Punta Baretti (4013m) is situated on the Italian side of Mont Blanc and is considered to be the most remote of all the 4000m peaks. The peak is rarely climbed and access to the huge 1200m-high South-West Spur that drops directly from the summit, is guarded by the chaotic Mont Blanc glacier.
Global warming has caused significant retreat of many alpine glaciers in recent years creating increasingly difficult access to many alpine routes. The retreat of the Mont Blanc glacier however, has turned its lower icefall into a smooth glacier snout that has opened up access to this major but isolated alpine face.
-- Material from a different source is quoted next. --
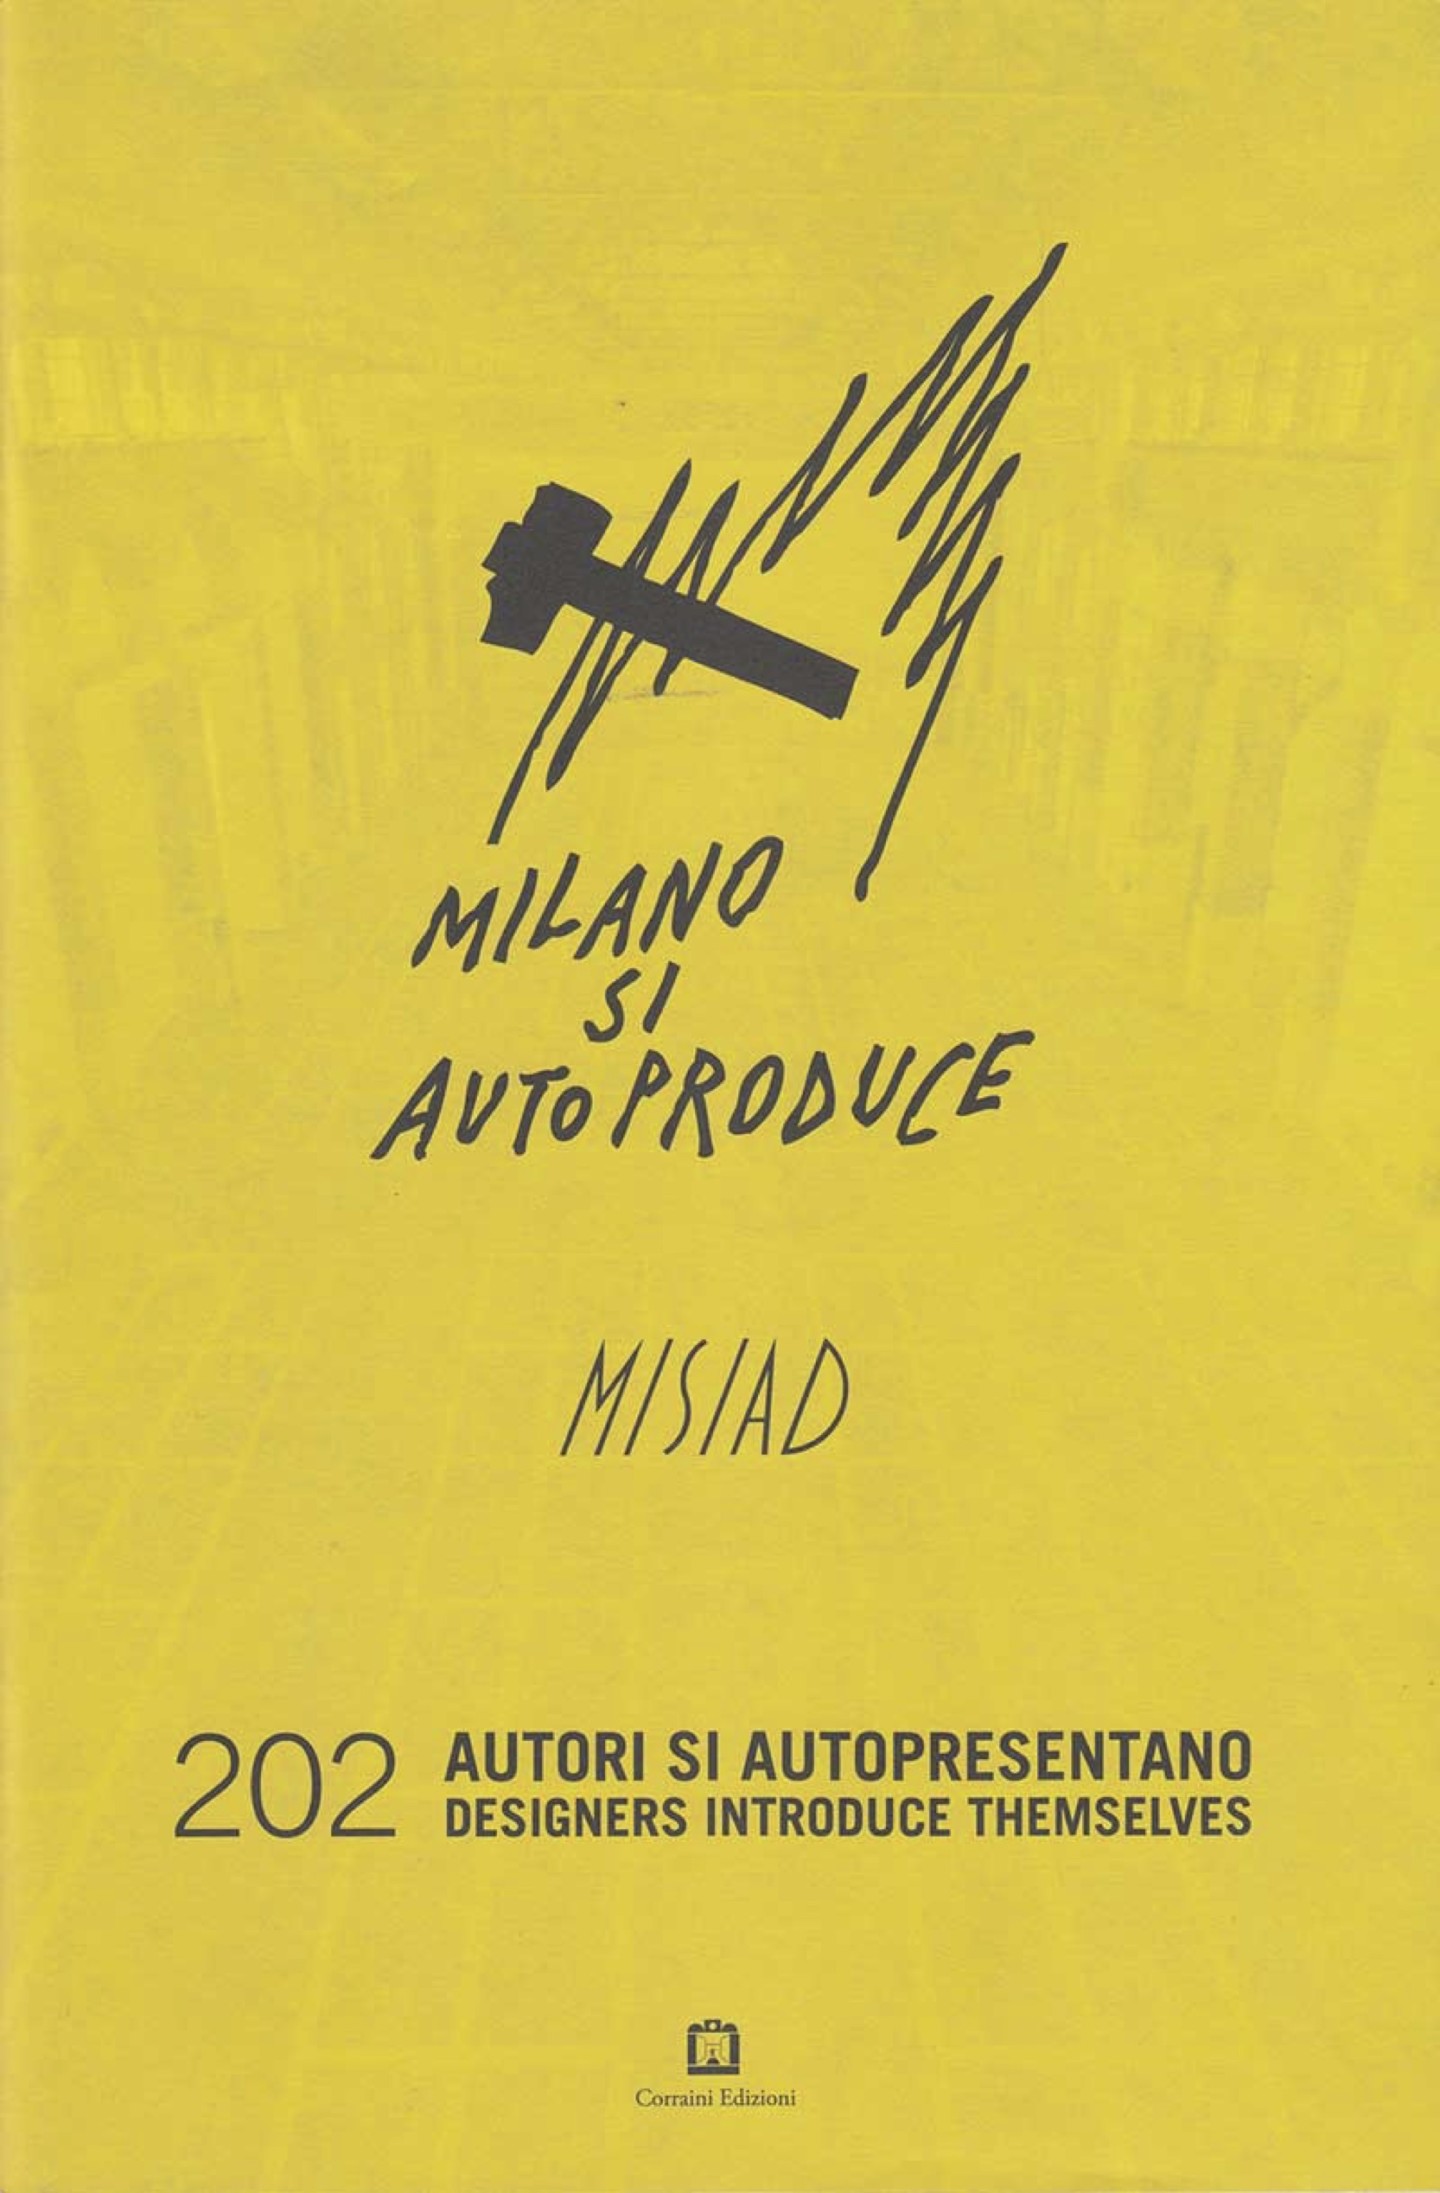 Press Anna Gili - Catalogo Misiad Corradini Editore 2013

Inevitably the great extreme skier Pierre Tardivel was the first to notice, and with Jeremy Janody and Sebastian de Sainte Marie he climbed and then skied the TD+ central couloir on the SW face in May 2006. The couloir was repeated as a summer climb in July of this year.
On 7th September Tunstall and Richardson climbed 400m up the lower glacier on easy but brittle ice to reach the foot of the spur. This gave 40 pitches of absorbing climbing over a series of difficult towers, a whaleback ridge and a final steep headwall that was turned by a knife edge ridge on the left. The pair reached the summit on the third day and descended to the Eccles Hut. Difficulties were sustained at V and V+ with a couple of pitches of VI and the route was compared in difficulty and character to the North-East Rib of the Finsteraarhorn in the Bernese Oberland.